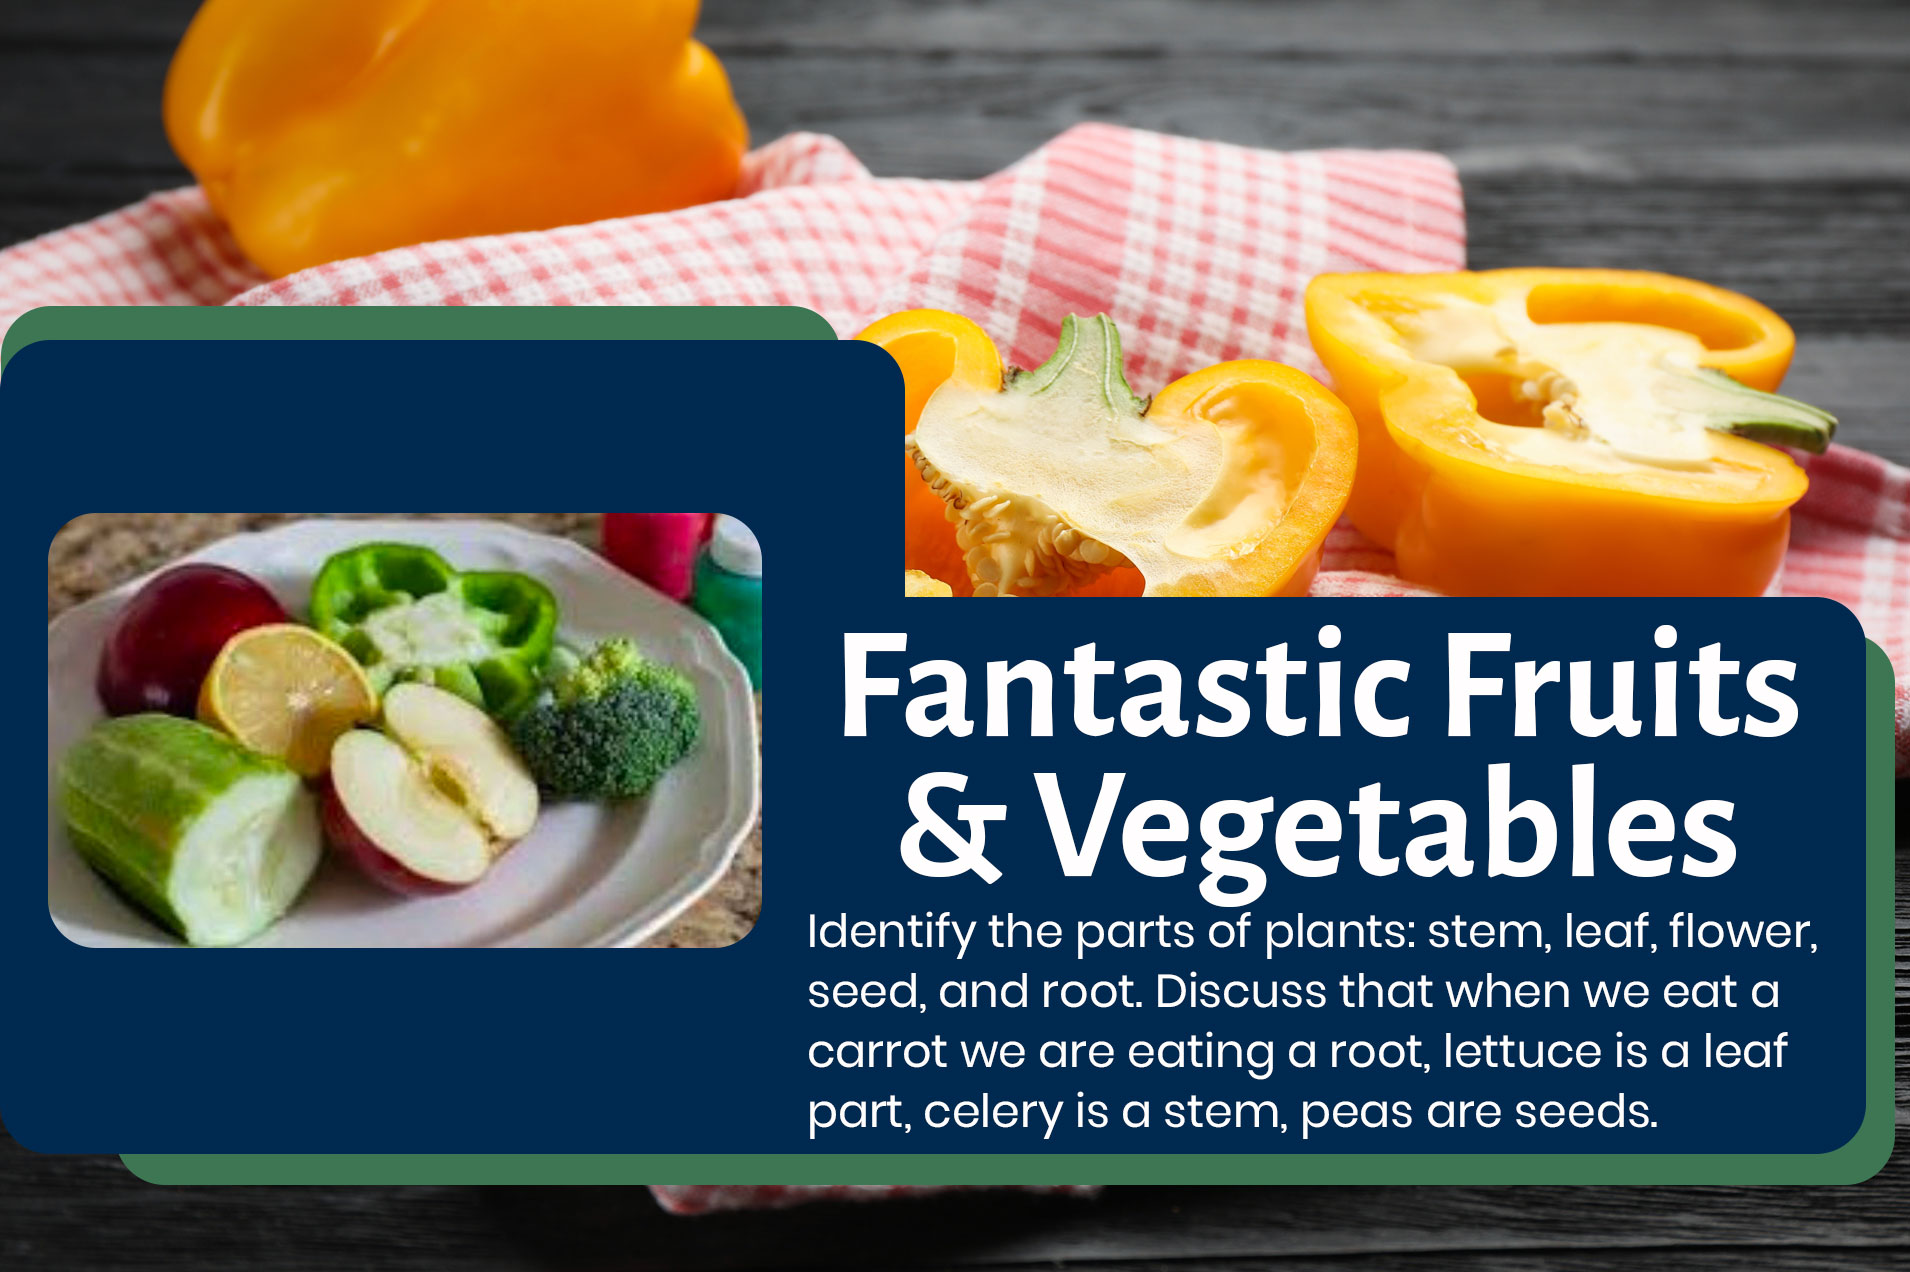 Fantastic Fruits & Vegetables
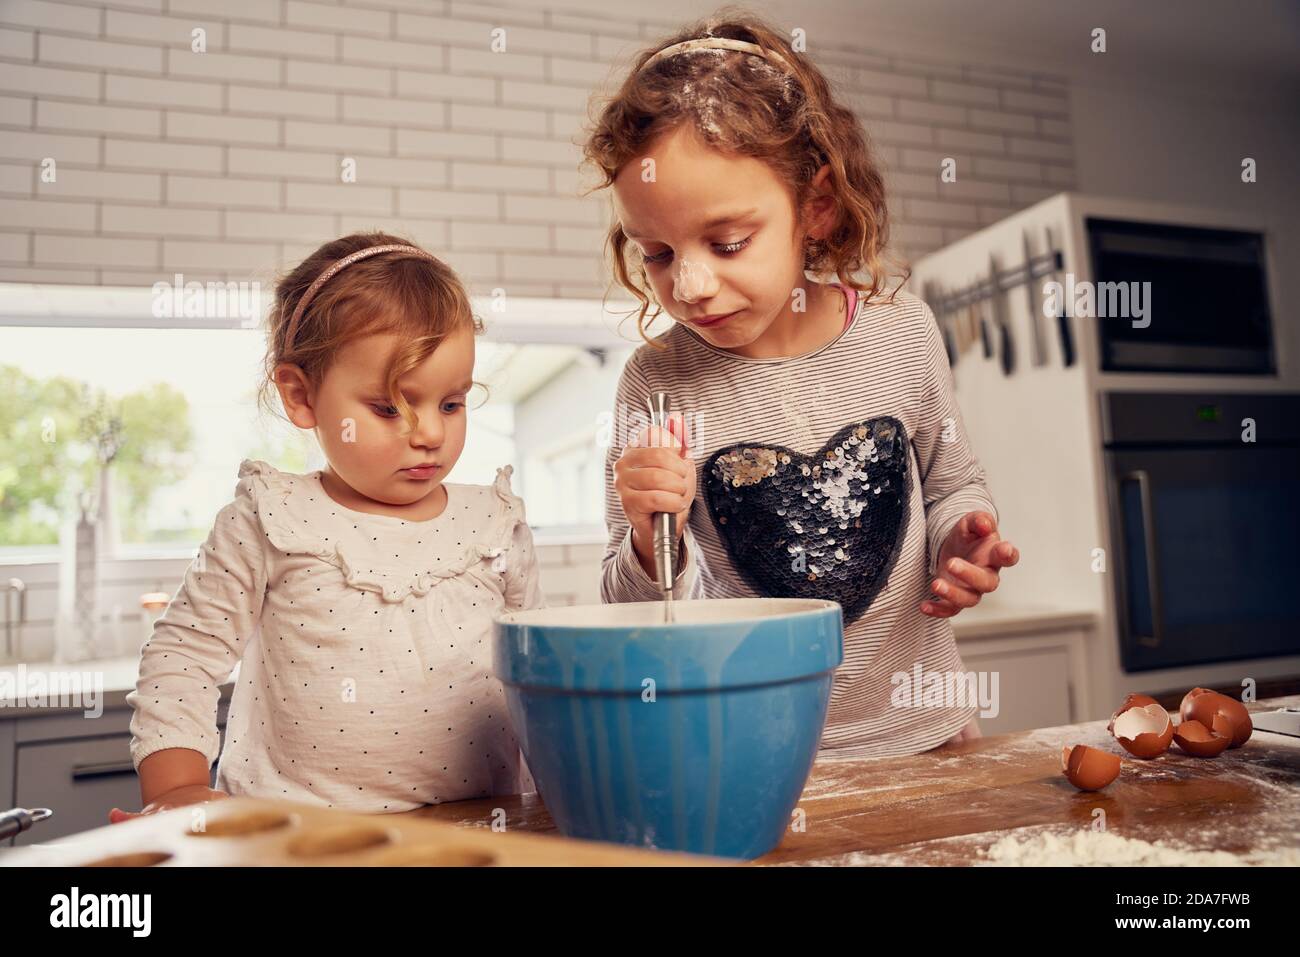 Kleine Mädchen mit Handmixer in Schüssel während der Zubereitung von Teig Mit Eiern auf Küchenablage zu Hause Stockfoto
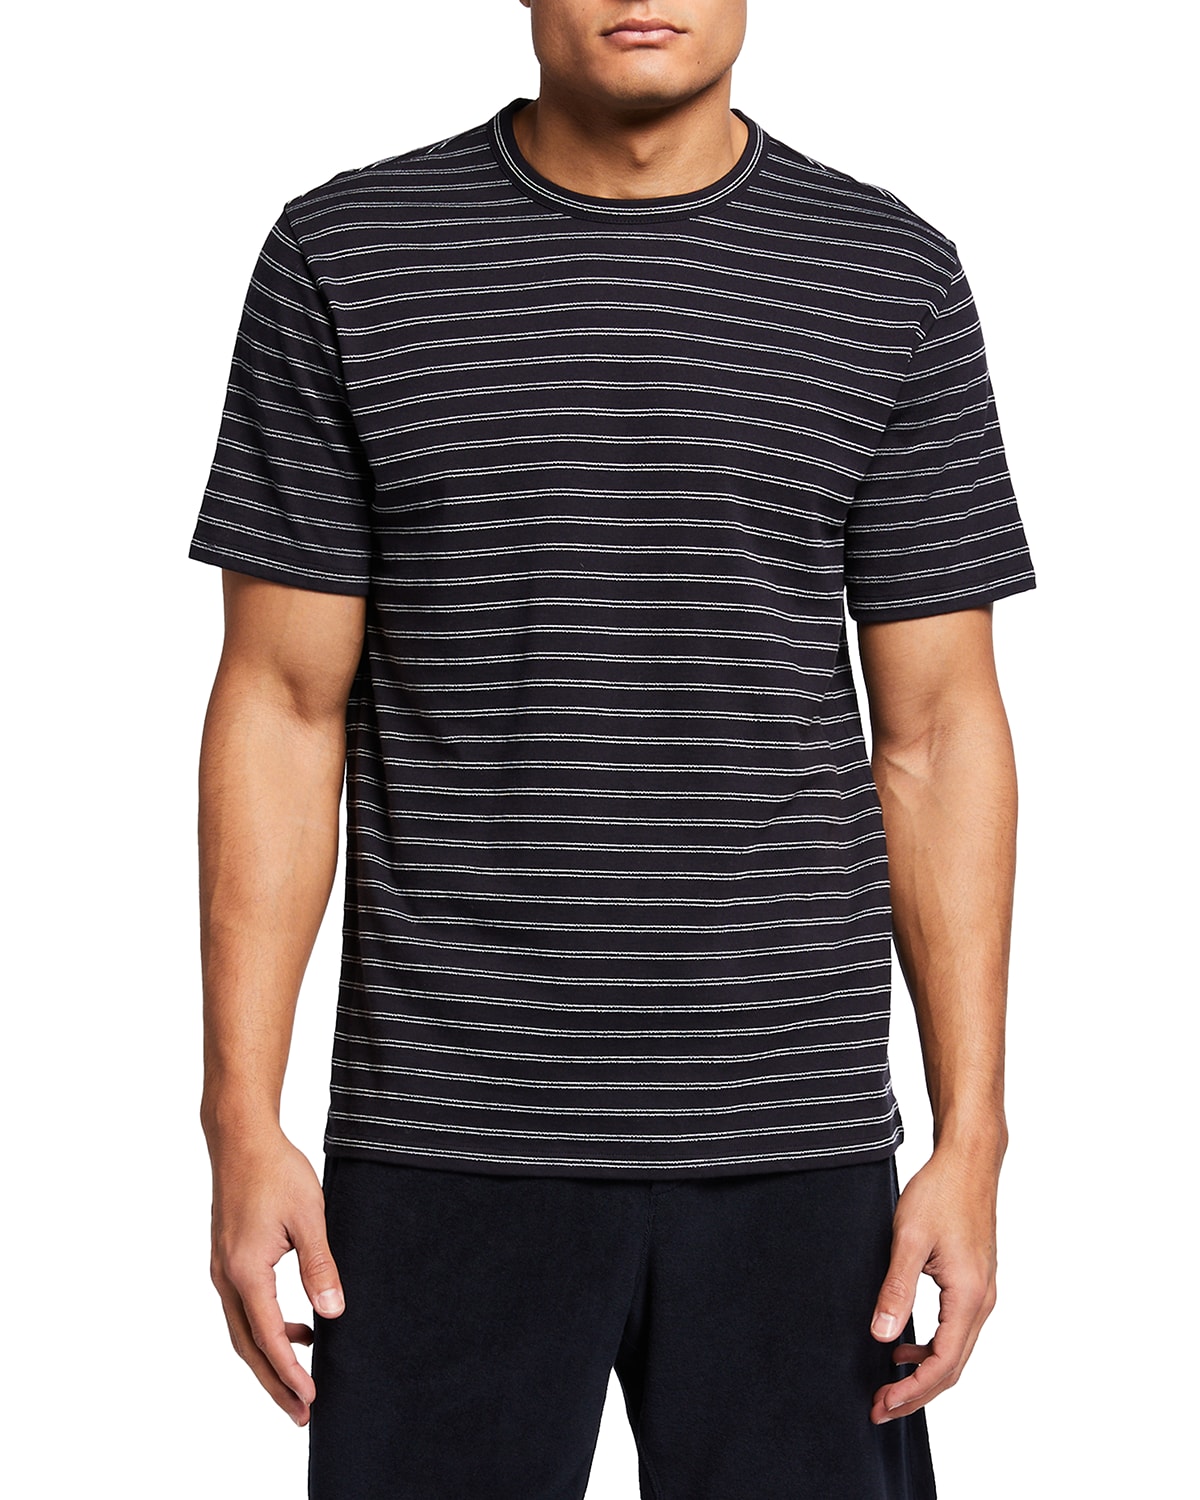 Vince Men's Striped Linen-Cotton T-Shirt

## Work order
Copy the data exactly. Pictures do not belong in the copy.

## Task solution
 Fantastic Fruits & Vegetables
 Kleine Mädchen mit Handmixer in Schüssel während der Zubereitung von Teig Mit Eiern auf Küchenablage zu Hause Stockfoto
 Vince Men's Striped Linen-Cotton T-Shirt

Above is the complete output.